Timberland’s Frisk Leaves to Become CEO of Aldo GroupLindsey Rupp
Patrik Frisk, who headed VF Corp.’s Timberland business, is leaving the company to become chief executive officer of the shoe retailer Aldo Group Inc.
“After over 10 wonderful years at VF Corporation, I have decided to move on and take on a new challenge,” Frisk said yesterday in an e-mail. “From November, I will be based in Montreal, Canada, leading the Aldo Group.”
Frisk helped revitalize the Timberland brand, which was acquired by Greensboro, North Carolina-based VF in 2011. Earlier this year, he became the coalition president for VF’s outdoor Americas business, which includes the North Face and Timberland brands. Aldo, meanwhile, is a 42-year-old retail shoe chain with more than 1,750 stores around the world.
“The company is incredibly vibrant, dynamic and has a unique culture rooted in strong values, with lots of potential for future growth,” Frisk said.
Frisk will replace Aldo CEO Rejean Dionne, who will retire in November, Aldo said today in an e-mailed statement.
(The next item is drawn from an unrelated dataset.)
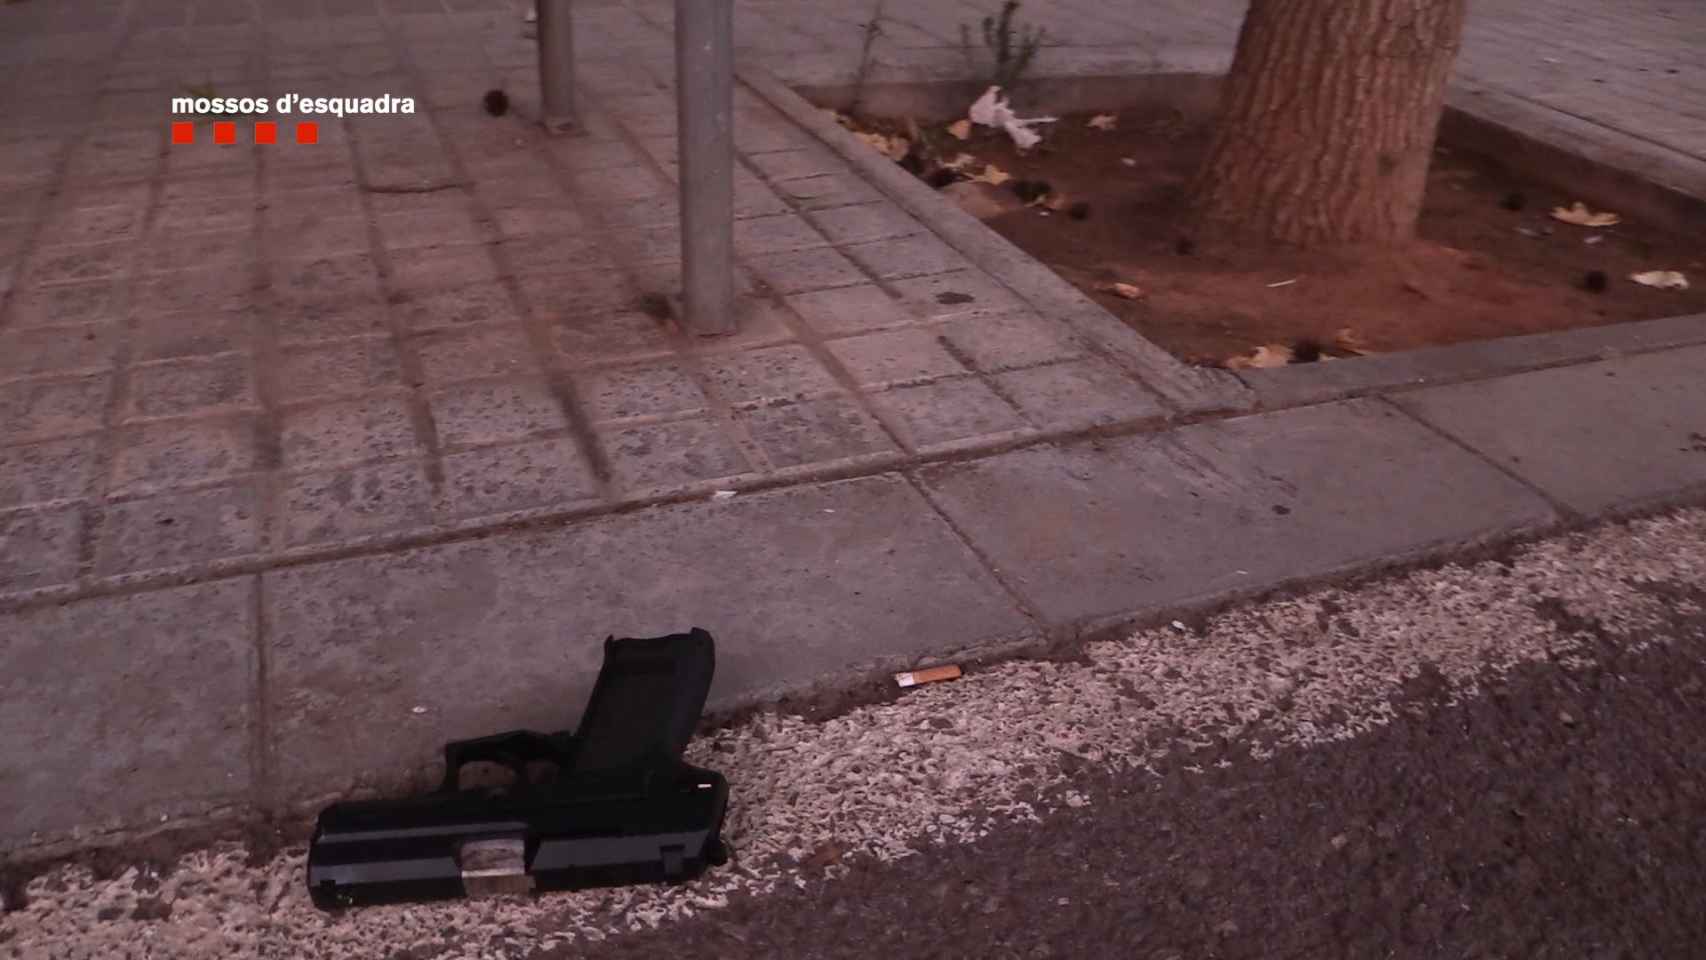 Pistola intervenida por los Mossos d'Esquadra en otra ocasión ajena al tiroteo del Poblenou

“With his impressive background in global brand retail and wholesale, Patrik will be instrumental in helping the Aldo Group reach new heights,” Aldo Bensadoun, the company’s founder and chairman, said in an e-mailed statement. “We share the same values and are confident that he will have great success in continuing to build the Aldo Group’s leadership and culture around the world.”
Timberland is VF’s third-largest brand and remains its largest acquisition. The company’s outdoor and action sports division accounts for 56 percent of VF’s total revenue. The company expects Timberland to generate $3.1 billion in sales by 2019, Frisk said at the company’s investor day last month.
Craig Hodges, a spokesman for VF, confirmed that Frisk’s last day at the company is today. The company hasn’t announced a replacement for Frisk’s position as coalition president, he said. Earlier this month, Stewart Whitney became the president of the Timberland brand.
“We’re disappointed to see Patrik go, he’s been a great leader, he’s got great vision, and he was very instrumental in the successful turnaround of the Timberland brand,” Hodges said. “But we respect his decision and we wish him nothing but the best.”
VF shares rose 0.4 percent to $66.50 at the close of trading in New York. The stock has climbed 6.7 percent so far this year, outperforming the Standard & Poor’s 500 Index’s 6.3 percent gain.
When VF acquired the brand, Timberland had an urban and utilitarian following. After extensive customer research, the company changed the design and fit of the products and revamped its stores and website. Customers can even design their own shoes online or at a kiosk in the stores.
“It was something you wanted to love, but you were like, ‘Oh my God, I’ll never be caught in that,’” Bridget Weishaar, a Chicago-based analyst at Morningstar Investment Service, said in an interview earlier this week. “Now the rugged outdoor look plays well in the casual environment.”
Timberland is doing 88 percent of its business at full price this year, Ryan Shadrin, vice president of retail and digital commerce, said at the investor presentation. The brand plans to achieve $1.7 billion in revenue this year. Last quarter, Timberland revenues grew 15 percent, VF said in an Oct. 20 statement.
Frisk’s departure “is a definite loss for VF Corp.,” Weishaar said yesterday in an e-mail. “But in terms of the company’s future, they have a very deep bench of leadership with many managers having experience with multiple brands, so any leadership transitions should be pretty seamless.”